*** Opening INFORMATION SHOWN ***

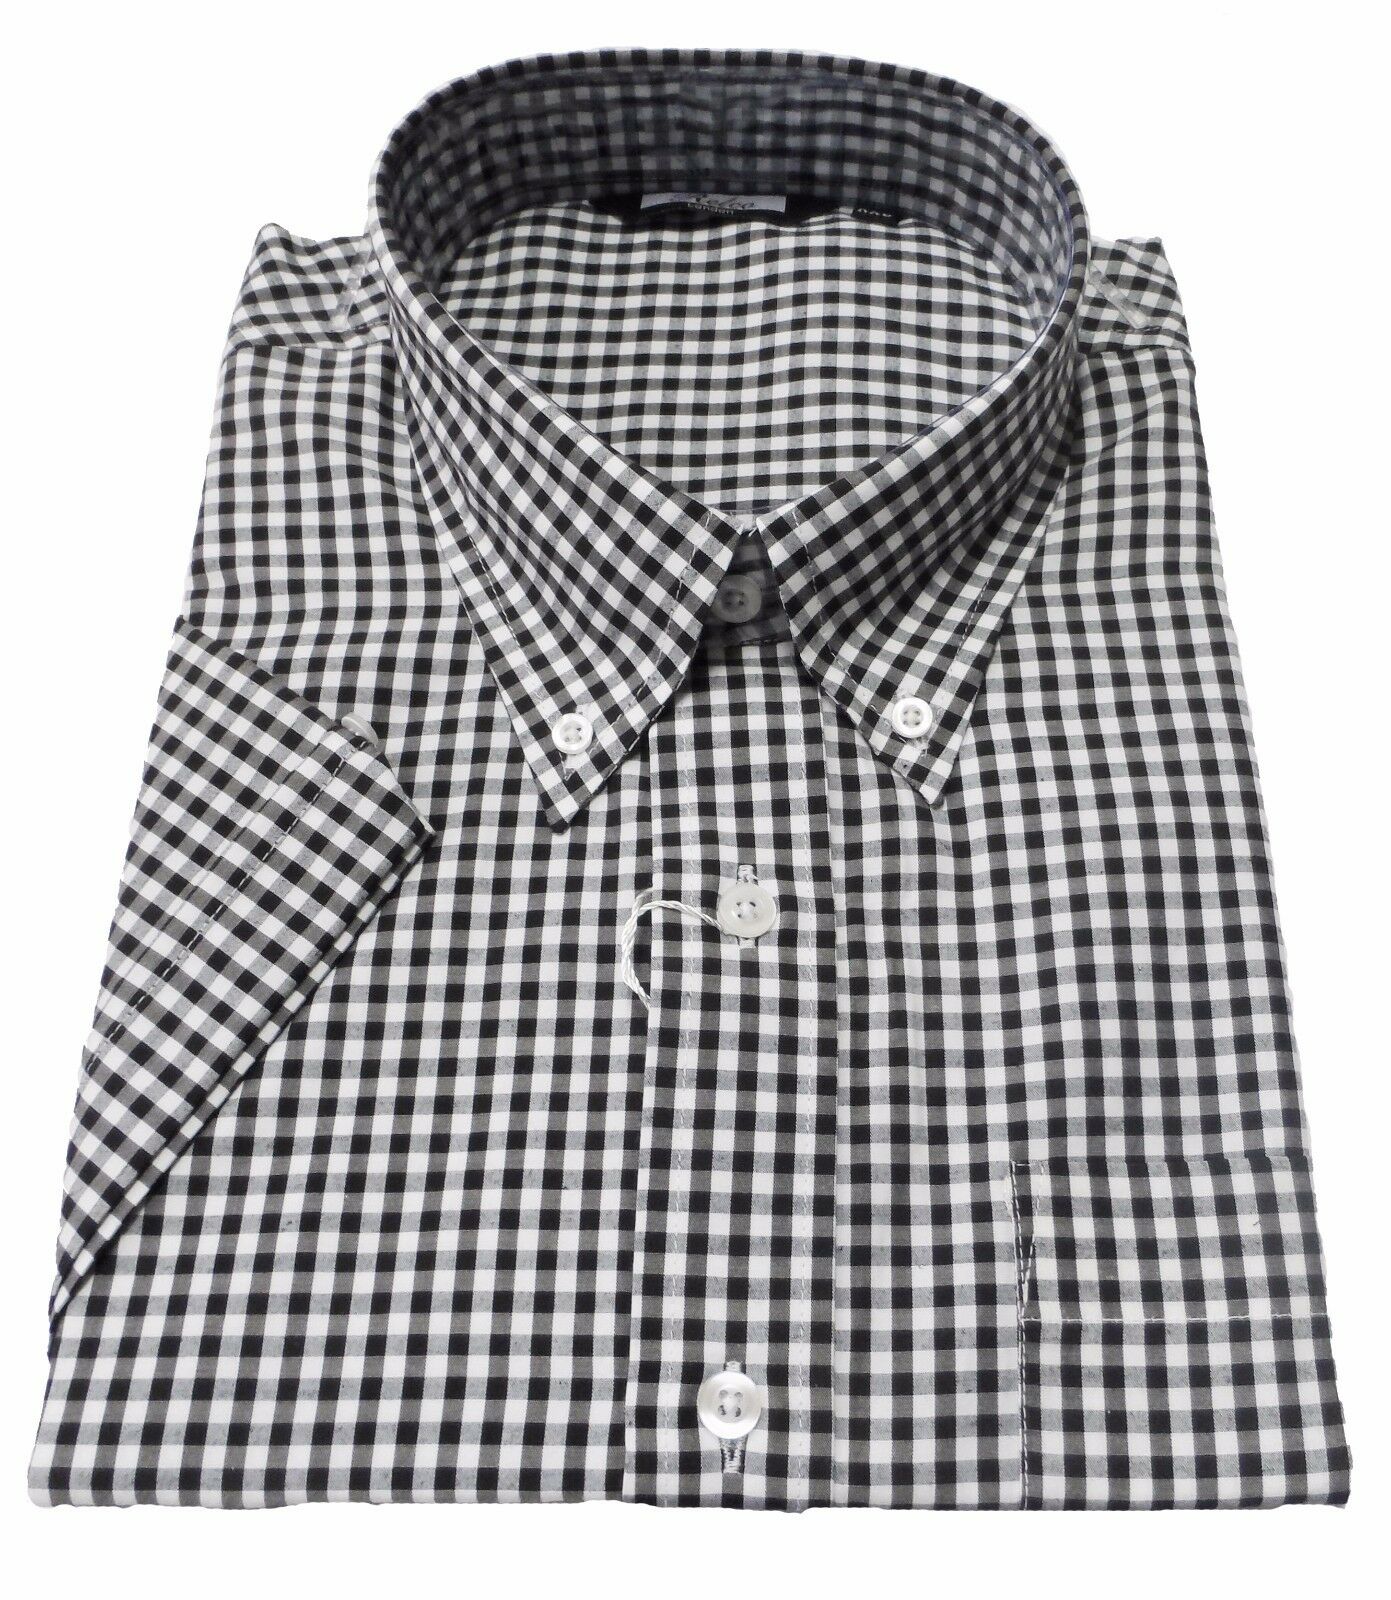 Relco Short Sleeved Black Gingham Check Button Down Shirts
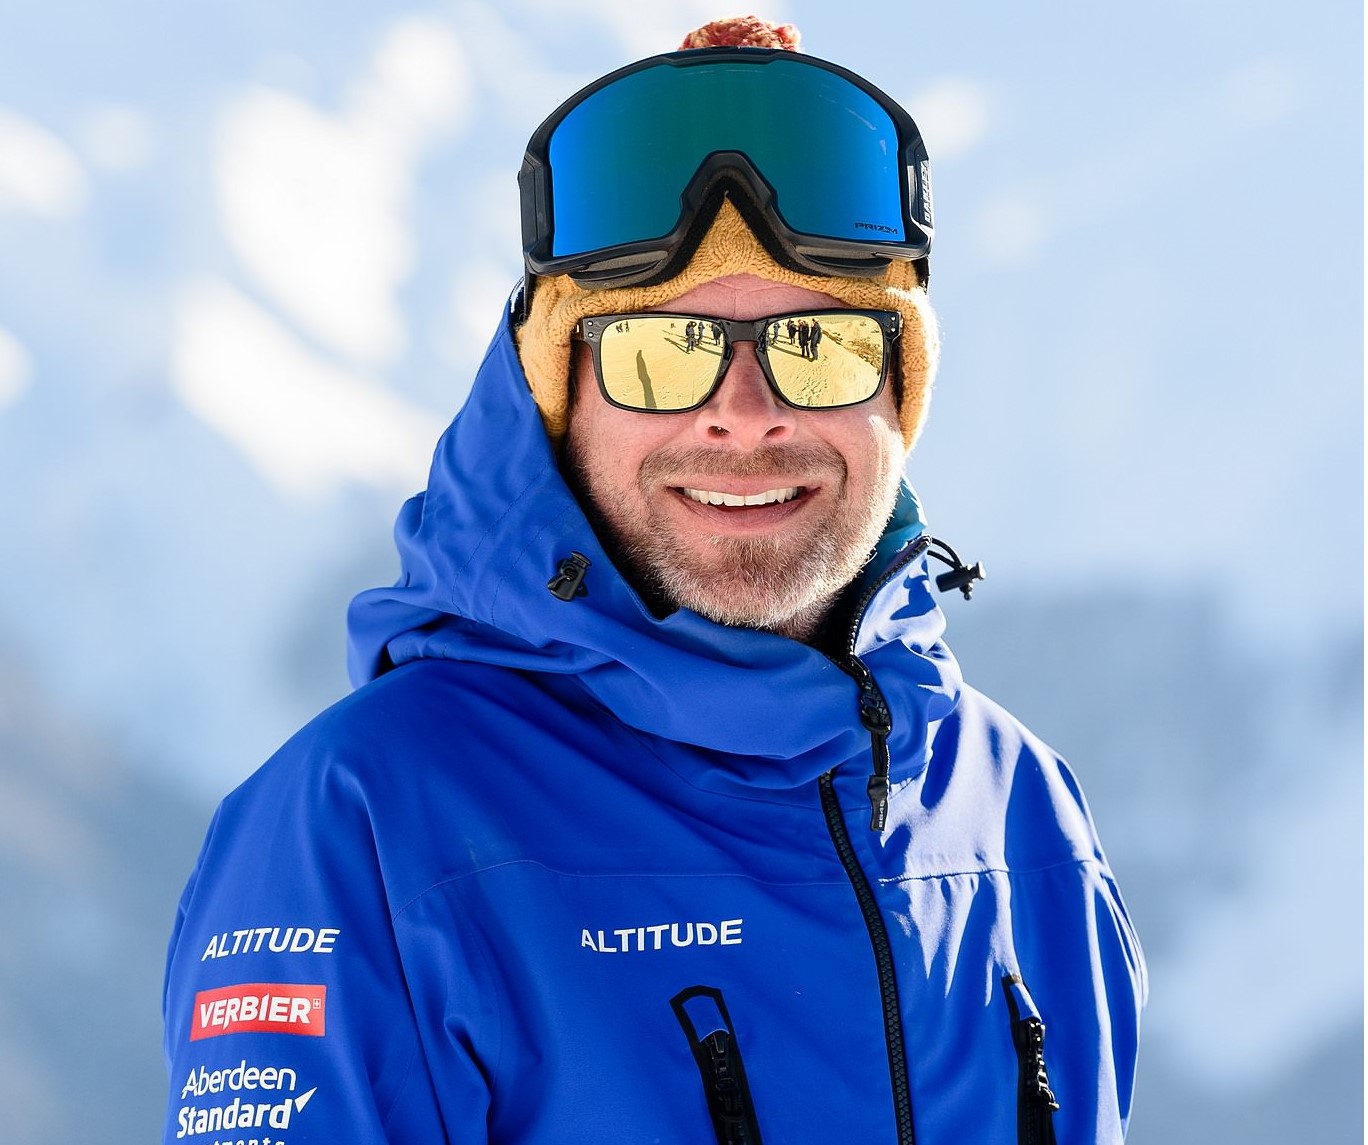 Dutch Instructor talks about working and training in Verbier
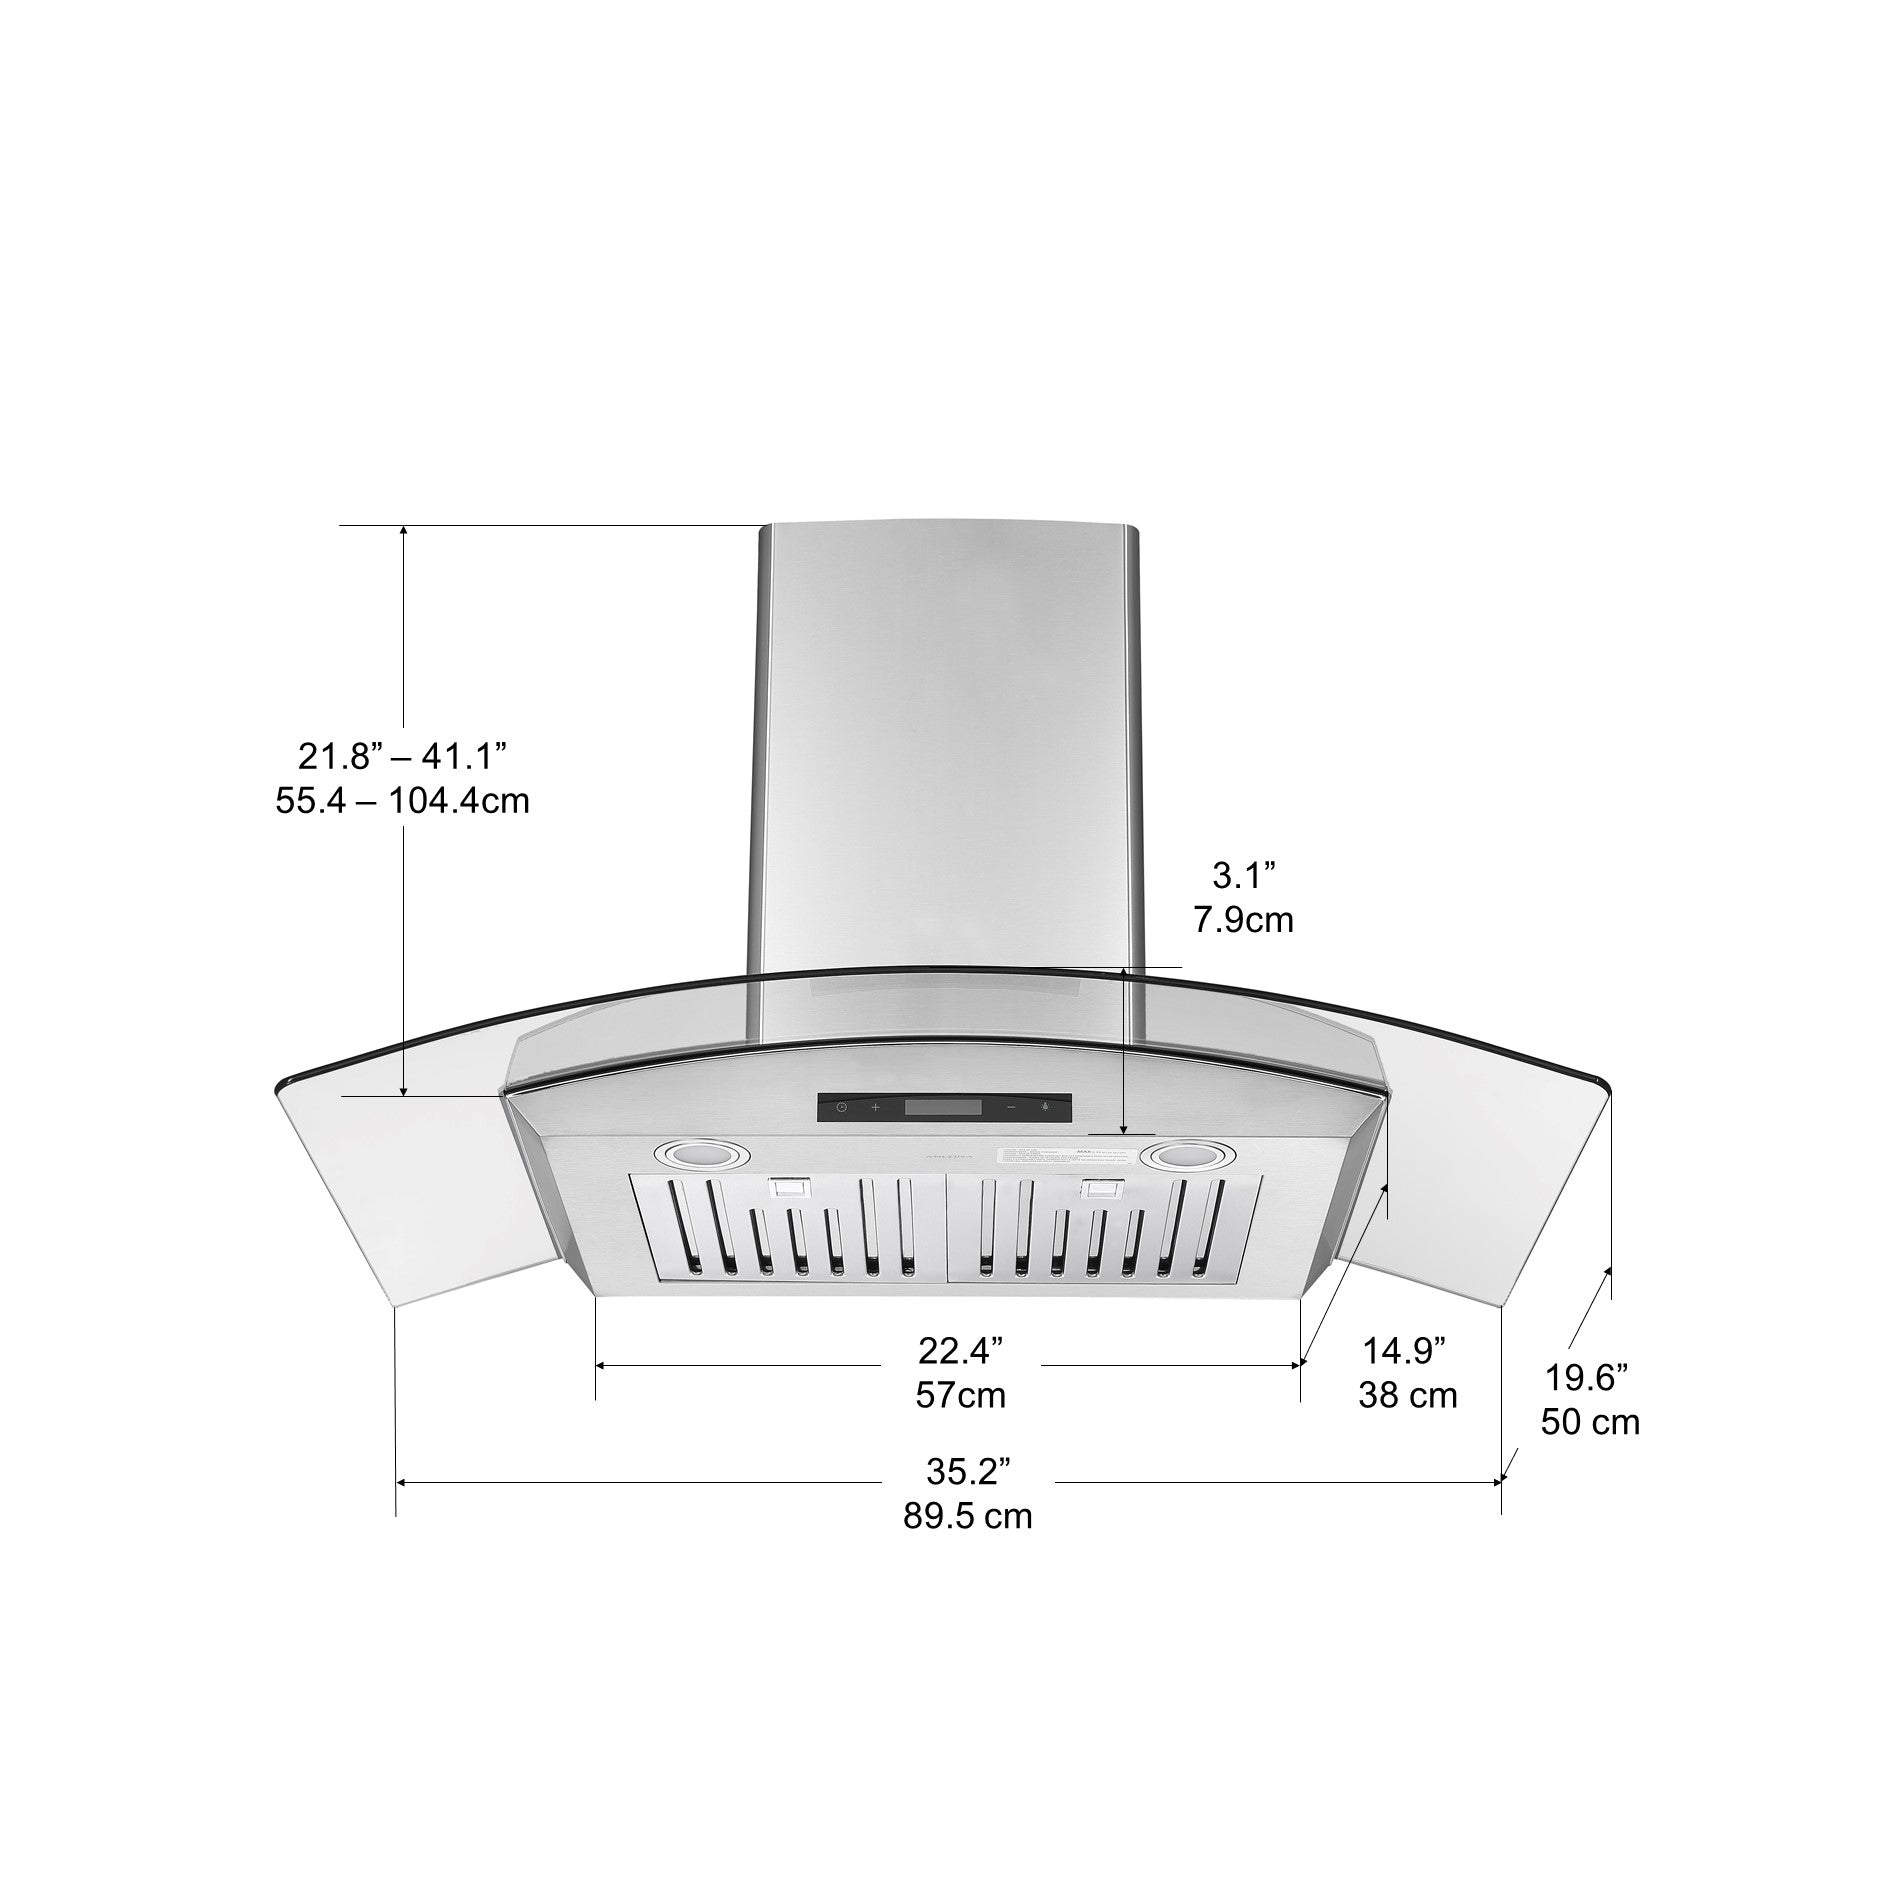 GCB636 36 in. Glass Canopy Range Hood in Stainless Steel

*** Closing INFORMATION SHOWN ***

**ASSIGNMENT:**
Could you copy the listing exactly, leaving out any pictures?

**RESPONSE TO THE TASK:**
 Relco Short Sleeved Black Gingham Check Button Down Shirts
 Dutch Instructor talks about working and training in Verbier
 GCB636 36 in. Glass Canopy Range Hood in Stainless Steel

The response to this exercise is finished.